Advanced Divide And Conquer
Last updated: May 2, 2026Table of Contents
- Overview
- Key Properties
- Core Characteristics
- Problem Categories
- Category 1: Inversion Counting
- Category 2: Range Sum Problems
- Category 3: Array Reconstruction
- Templates & Algorithms
- Template Comparison Table
- Template 1: Basic Inversion Counting
- Template 2: Conditional Inversion Counting
- Template 3: Range Sum Divide and Conquer
- Template 4: Array Reconstruction
- Problems by Pattern
- Inversion Counting Problems
- Range Query Problems
- LC Examples
- 2-1) Count of Smaller Numbers After Self (LC 315) — Merge Sort with Index Tracking
- 2-2) Reverse Pairs (LC 493) — Merge Sort Count Before Merge
- 2-3) Count of Range Sum (LC 327) — Merge Sort on Prefix Sums
- Advanced Techniques
- Optimization Strategies
- Custom Merge Logic Patterns
- Performance Optimization Tips
- Time Complexity Analysis
- Space Optimization
- Summary & Quick Reference
- Common D&C Patterns
- Time Complexity Guide
- Common Mistakes & Tips
- Interview Tips
Advanced Divide and Conquer
Overview
Divide and Conquer is a powerful algorithmic paradigm that breaks complex problems into smaller subproblems, solves them recursively, and combines the results. This approach is particularly effective for inversion counting, range queries, and merge-based operations.
Key Properties
- Time Complexity: Typically O(n log n) for most problems
- Space Complexity: O(n) for auxiliary arrays, O(log n) for recursion stack
- Core Idea: Divide problem into halves, solve recursively, merge results
- When to Use: Counting inversions, range problems, merge operations
- Key Technique: Modified merge sort with custom merge logic
Core Characteristics
- Divide: Split problem into smaller subproblems
- Conquer: Solve subproblems recursively
- Combine: Merge solutions to get final answer
- Optimal Substructure: Problem can be broken down optimally
- Merge Logic: Custom combine step for specific requirements
Problem Categories
Category 1: Inversion Counting
- Description: Count pairs where left element > right element
- Examples: LC 315 (Count Smaller After Self), LC 493 (Reverse Pairs), LC 327 (Count Range Sum)

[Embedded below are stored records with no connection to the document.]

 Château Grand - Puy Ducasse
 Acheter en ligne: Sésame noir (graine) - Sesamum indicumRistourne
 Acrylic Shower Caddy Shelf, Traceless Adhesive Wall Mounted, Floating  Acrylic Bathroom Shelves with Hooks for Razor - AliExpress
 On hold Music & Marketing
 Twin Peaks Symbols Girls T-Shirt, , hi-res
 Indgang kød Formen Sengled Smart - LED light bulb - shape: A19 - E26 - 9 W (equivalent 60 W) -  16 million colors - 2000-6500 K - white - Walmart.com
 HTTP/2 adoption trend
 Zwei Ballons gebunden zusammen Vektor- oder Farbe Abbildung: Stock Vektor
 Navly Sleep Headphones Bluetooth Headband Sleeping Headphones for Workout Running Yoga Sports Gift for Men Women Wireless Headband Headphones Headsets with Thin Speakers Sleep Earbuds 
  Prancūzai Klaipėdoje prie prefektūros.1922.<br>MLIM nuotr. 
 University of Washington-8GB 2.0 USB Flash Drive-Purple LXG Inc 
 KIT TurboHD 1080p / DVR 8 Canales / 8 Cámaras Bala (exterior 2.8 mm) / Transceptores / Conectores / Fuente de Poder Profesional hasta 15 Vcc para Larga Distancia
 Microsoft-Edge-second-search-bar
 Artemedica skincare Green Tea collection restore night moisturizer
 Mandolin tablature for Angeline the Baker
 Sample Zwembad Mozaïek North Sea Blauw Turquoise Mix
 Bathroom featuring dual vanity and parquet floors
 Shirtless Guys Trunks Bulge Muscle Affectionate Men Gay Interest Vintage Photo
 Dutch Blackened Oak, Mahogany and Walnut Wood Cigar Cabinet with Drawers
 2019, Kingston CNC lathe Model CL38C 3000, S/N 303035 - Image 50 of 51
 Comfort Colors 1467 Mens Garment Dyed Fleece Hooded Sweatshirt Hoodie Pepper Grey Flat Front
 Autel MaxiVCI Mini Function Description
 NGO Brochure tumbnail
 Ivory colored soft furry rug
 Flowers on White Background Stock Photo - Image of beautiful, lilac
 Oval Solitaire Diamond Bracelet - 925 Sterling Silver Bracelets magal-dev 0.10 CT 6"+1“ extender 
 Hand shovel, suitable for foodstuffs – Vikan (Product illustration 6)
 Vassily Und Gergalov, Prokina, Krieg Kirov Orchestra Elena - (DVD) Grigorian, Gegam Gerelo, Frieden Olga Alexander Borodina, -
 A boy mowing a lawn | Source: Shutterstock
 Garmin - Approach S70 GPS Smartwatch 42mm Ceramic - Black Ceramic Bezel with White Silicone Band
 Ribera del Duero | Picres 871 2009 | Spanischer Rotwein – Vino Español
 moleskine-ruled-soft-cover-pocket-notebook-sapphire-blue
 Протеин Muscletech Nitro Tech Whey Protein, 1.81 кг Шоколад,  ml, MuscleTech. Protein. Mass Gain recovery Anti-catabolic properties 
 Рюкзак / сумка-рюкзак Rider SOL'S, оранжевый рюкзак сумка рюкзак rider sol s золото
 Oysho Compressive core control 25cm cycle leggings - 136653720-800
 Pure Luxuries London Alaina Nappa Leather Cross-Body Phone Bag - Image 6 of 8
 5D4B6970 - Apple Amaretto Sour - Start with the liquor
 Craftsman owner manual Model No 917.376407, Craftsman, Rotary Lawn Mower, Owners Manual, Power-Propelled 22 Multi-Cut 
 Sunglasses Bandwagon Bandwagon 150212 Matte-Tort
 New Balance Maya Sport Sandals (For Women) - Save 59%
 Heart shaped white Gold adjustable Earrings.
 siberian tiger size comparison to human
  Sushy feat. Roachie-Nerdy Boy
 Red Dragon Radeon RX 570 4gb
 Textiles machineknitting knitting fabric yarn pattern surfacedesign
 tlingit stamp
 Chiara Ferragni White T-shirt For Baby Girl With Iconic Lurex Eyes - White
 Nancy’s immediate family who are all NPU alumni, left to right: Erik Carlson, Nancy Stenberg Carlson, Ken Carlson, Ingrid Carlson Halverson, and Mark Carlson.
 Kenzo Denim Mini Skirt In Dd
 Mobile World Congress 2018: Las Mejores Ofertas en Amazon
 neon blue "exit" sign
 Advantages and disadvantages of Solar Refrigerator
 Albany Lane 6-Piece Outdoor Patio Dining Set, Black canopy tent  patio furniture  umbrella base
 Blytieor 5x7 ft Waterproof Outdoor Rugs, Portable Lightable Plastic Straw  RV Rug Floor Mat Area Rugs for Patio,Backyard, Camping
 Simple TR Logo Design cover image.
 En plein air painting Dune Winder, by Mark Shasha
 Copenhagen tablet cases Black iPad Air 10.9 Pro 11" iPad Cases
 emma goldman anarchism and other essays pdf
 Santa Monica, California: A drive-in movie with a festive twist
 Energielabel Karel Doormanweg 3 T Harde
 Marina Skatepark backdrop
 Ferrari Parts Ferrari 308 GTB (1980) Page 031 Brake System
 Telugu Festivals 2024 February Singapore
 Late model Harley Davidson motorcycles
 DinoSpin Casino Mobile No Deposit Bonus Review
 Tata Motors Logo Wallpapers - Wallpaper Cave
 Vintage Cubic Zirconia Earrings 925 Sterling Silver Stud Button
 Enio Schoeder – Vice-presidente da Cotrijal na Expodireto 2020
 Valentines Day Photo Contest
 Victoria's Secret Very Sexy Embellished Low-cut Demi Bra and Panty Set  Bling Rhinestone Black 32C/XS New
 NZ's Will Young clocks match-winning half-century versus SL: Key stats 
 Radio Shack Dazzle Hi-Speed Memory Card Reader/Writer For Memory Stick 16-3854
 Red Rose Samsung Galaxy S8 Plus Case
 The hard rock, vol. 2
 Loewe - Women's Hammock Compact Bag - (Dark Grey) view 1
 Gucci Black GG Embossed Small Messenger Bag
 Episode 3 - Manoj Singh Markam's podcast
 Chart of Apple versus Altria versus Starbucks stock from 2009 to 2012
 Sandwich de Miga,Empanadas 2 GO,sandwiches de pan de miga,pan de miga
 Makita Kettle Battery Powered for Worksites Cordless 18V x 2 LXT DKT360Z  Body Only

- Pattern: Modified merge sort with counting during merge
Category 2: Range Sum Problems
- Description: Count elements/subarrays in specific ranges
- Examples: LC 327 (Count of Range Sum), LC 493 (Reverse Pairs with condition)
- Pattern: Prefix sums + divide and conquer
Category 3: Array Reconstruction
- Description: Build arrays with specific ordering properties
- Examples: LC 1649 (Create Sorted Array), LC 2426 (Pairs Satisfying Inequality)
- Pattern: Merge sort with reconstruction logic
Templates & Algorithms
Template Comparison Table
| Template Type | Use Case | Time Complexity | When to Use |
|---|---|---|---|
| Basic Inversion Count | Count inversions | O(n log n) | Simple inversion problems |
| Conditional Inversion | Count with conditions | O(n log n) | Reverse pairs, range conditions |
| Range Query D&C | Range sum counting | O(n log n) | Subarray sum problems |
| Reconstruction D&C | Build sorted arrays | O(n log n) | Array construction problems |
Template 1: Basic Inversion Counting
python
def count_inversions(arr):
"""Count total number of inversions using merge sort"""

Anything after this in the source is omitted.